Le droit de révoquer ses élus et hauts fonctionnaires (juges, préfets, procureurs etc) n’est pas utopique, un tel dispositif existe déjà dans plusieurs pays ayant chacun des systèmes politiques très différents les uns des autres :Ainsi au Vénézuela le peuple a la possibilité de révoquer le président, les élus et les fonctionnaires, mais le très “révolutionnaire” Vénézuela n’est pas le seul à proposer une telle mesure, les tout autant très “pragmatique” États-Unis l’ont également mis en œuvre à travers les procédures de “recall” permettant, si un nombre suffisant de citoyens le demande, de faire repasser un élu devant le suffrage universel avant la fin de son mandat.

Alors si autant de pays, aux systèmes tellement différents que le Vézénuela et les Etats-Unis l’ont fait, qu’attendons nous pour le mettre en place en France nous aussi ?

Cette avancée démocratique sera bien évidement farouchement combattue par nombre de politiciens attachés à leurs privilèges et qui ne supporteront pas l’idée de voir une partie de leur pouvoir réduit au profil des citoyens, aveuglés par leur soif de pouvoir ils en oublient que des réformes démocratiques majeures doivent être menées afin de moderniser et d’humaniser notre système politique.

J’ai l’intime conviction qu’en face de chaque pouvoir il doit y avoir un contre-pouvoir d’égale puissance permettant d’oeuvrer pour le bien commun. Face aux pouvoirs des élus opposons leur un contre-pouvoir citoyen qui permettrait d’éviter les abus et les inciteraient à œuvrer dans l’intérêt général et non pas pour leurs intérêts particuliers.

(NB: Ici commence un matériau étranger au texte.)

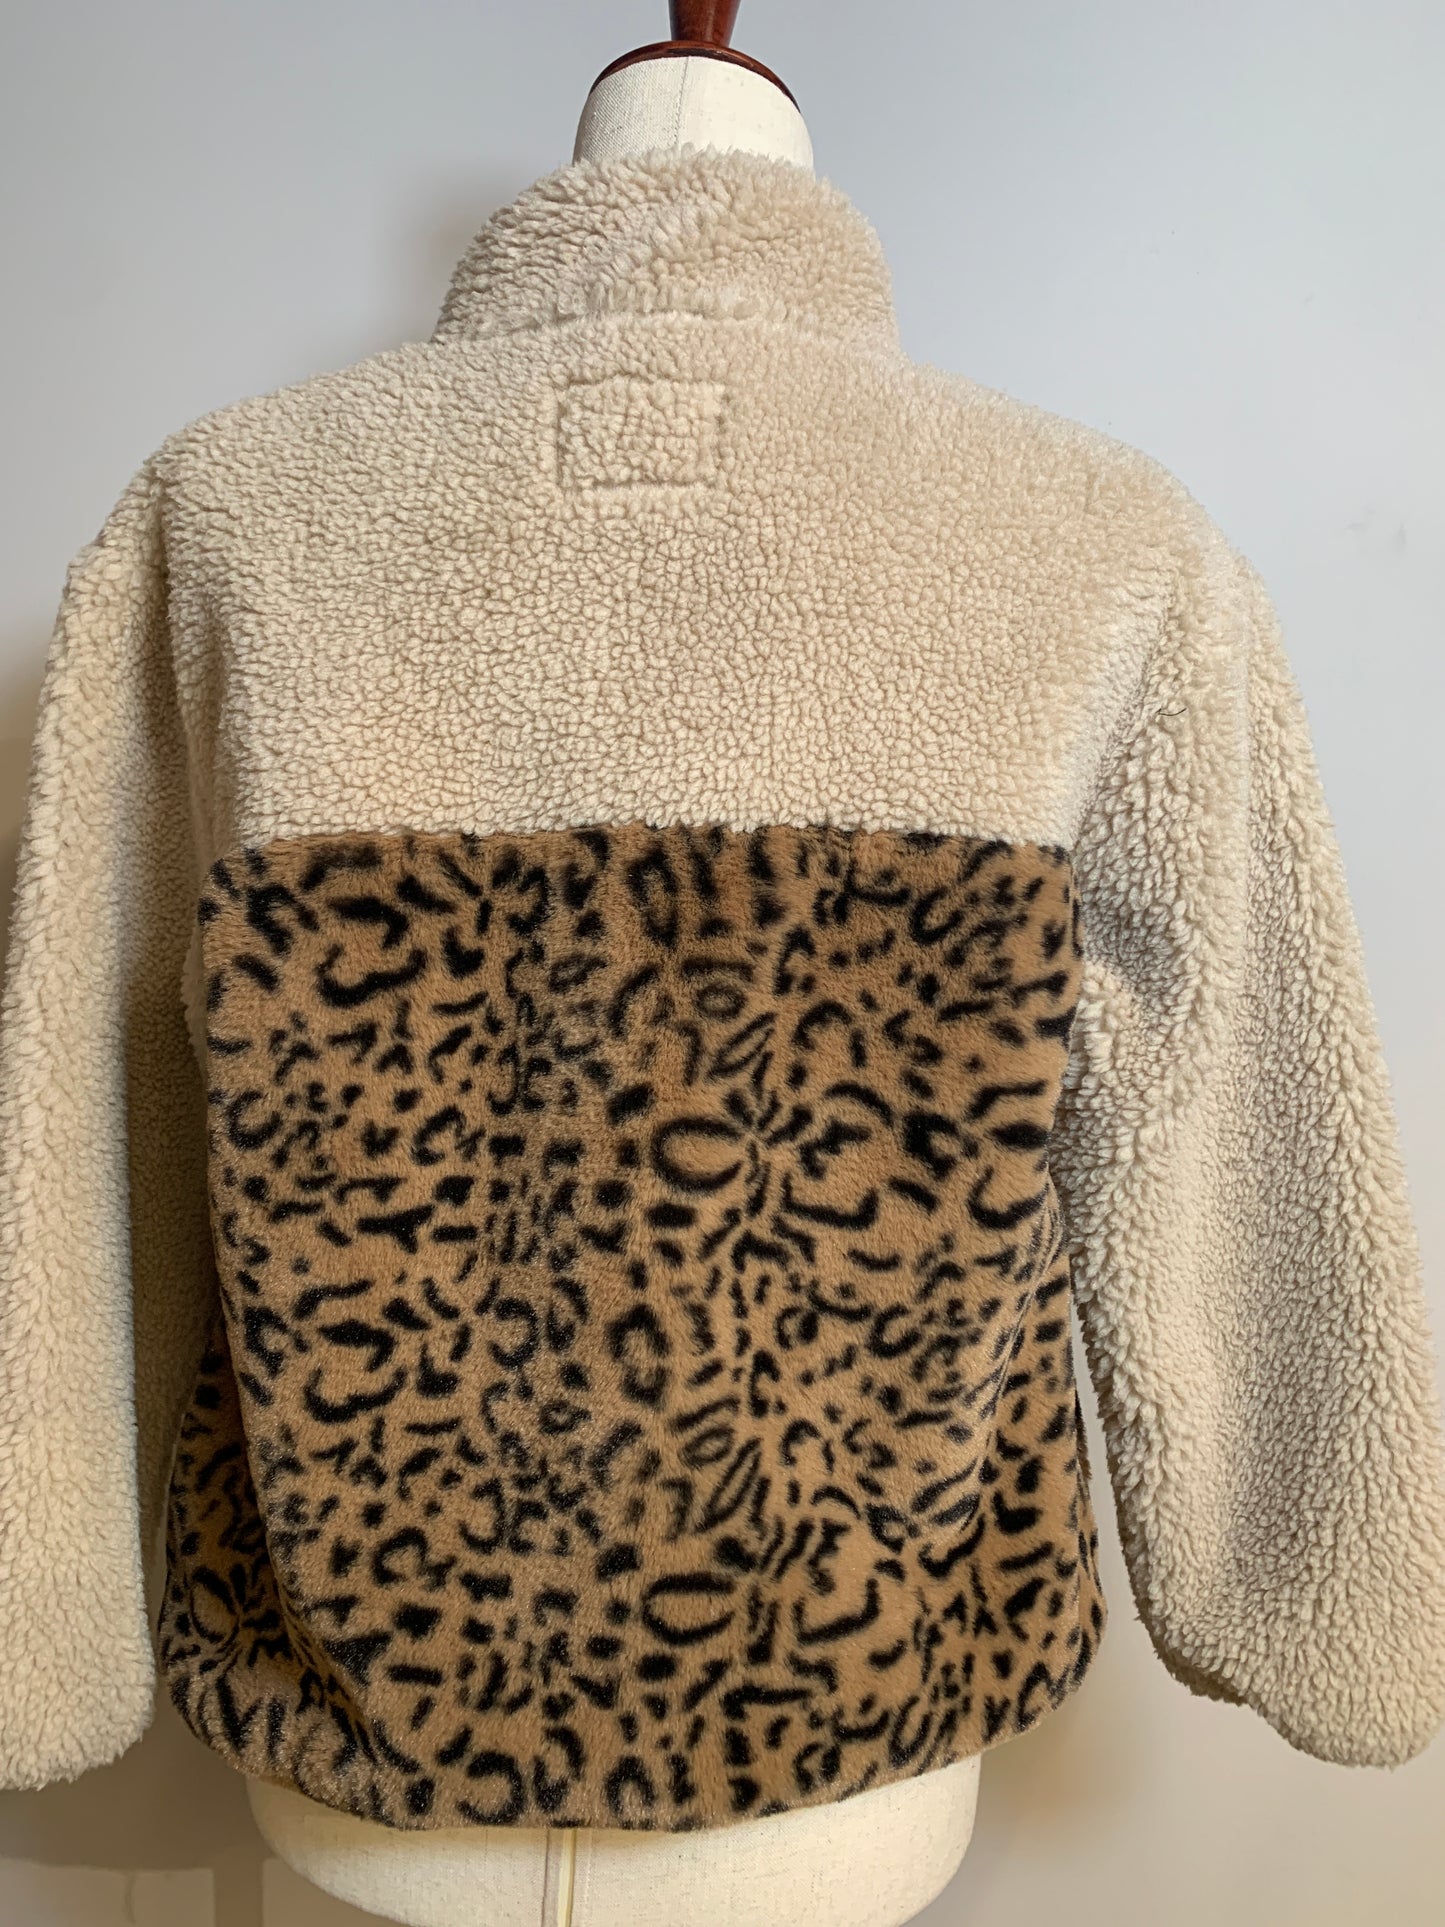 Rails "Teddy" Fleece Animal Print Pullover, Sz S

Je terminerai cet article par deux exemples qui illustrent parfaitement bien l’urgente nécessité de mettre en place la possibilité de révoquer ses élus.

Au niveau national, les exemples ne manquent pas, aussi bien de gauche (Thevenoud, Cahuzac etc) que de droite (Balkany, Dassault etc), en cas de fautes graves, de fraude, de corruption ou de trahison envers les citoyens, le peuple n’a aucun recours pour exprimer sa volonté de les voir quitter leur siège avant les prochaines élections, les élus concernés ont ainsi tout le temps de continuer à gagner un confortable salaire (payé avec nos impôts), d’essayer de faire oublier les affaires ou bien de chercher une confortable place au soleil (ou une retraite dorée pour ceux arrivant en fin de carrière).

Le système institutionnel actuel organise notre impuissance citoyenne en ne nous donnant aucun moyen de contrôle sur nos élus, c’est une dépossession démocratique et une perte d’exercice de notre souveraineté populaire.

Au niveau local le même type de problème est présent partout sur le territoire, pour illustrer cette situation je vais prendre le cas que je connais le mieux, à savoir celui du département où je vis (les Bouches du Rhône) : Jean Noël Guérini, président du Conseil Général, était empêtré dans de nombreuses affaires de corruption, d’affairisme et de collusion entre élus et mafieux, mais malgré les poursuites judiciaires il a pu se maintenir au pouvoir de 2008 jusqu’à 2014 sans que les citoyens n’aient eu leur mot à dire, summun de l’inacceptable, lors du vote du budget du conseil général des Bouches-du-Rhône en 2013, une majorité de conseillers généraux ont voté la prise en charge par la collectivité des frais juridiques liés à la défense au pénal de Jean-Noël Guérini, il a donc réussi à faire payer ses notes de justice au frais du contribuable grâce à la complicités des autres politiciens locaux.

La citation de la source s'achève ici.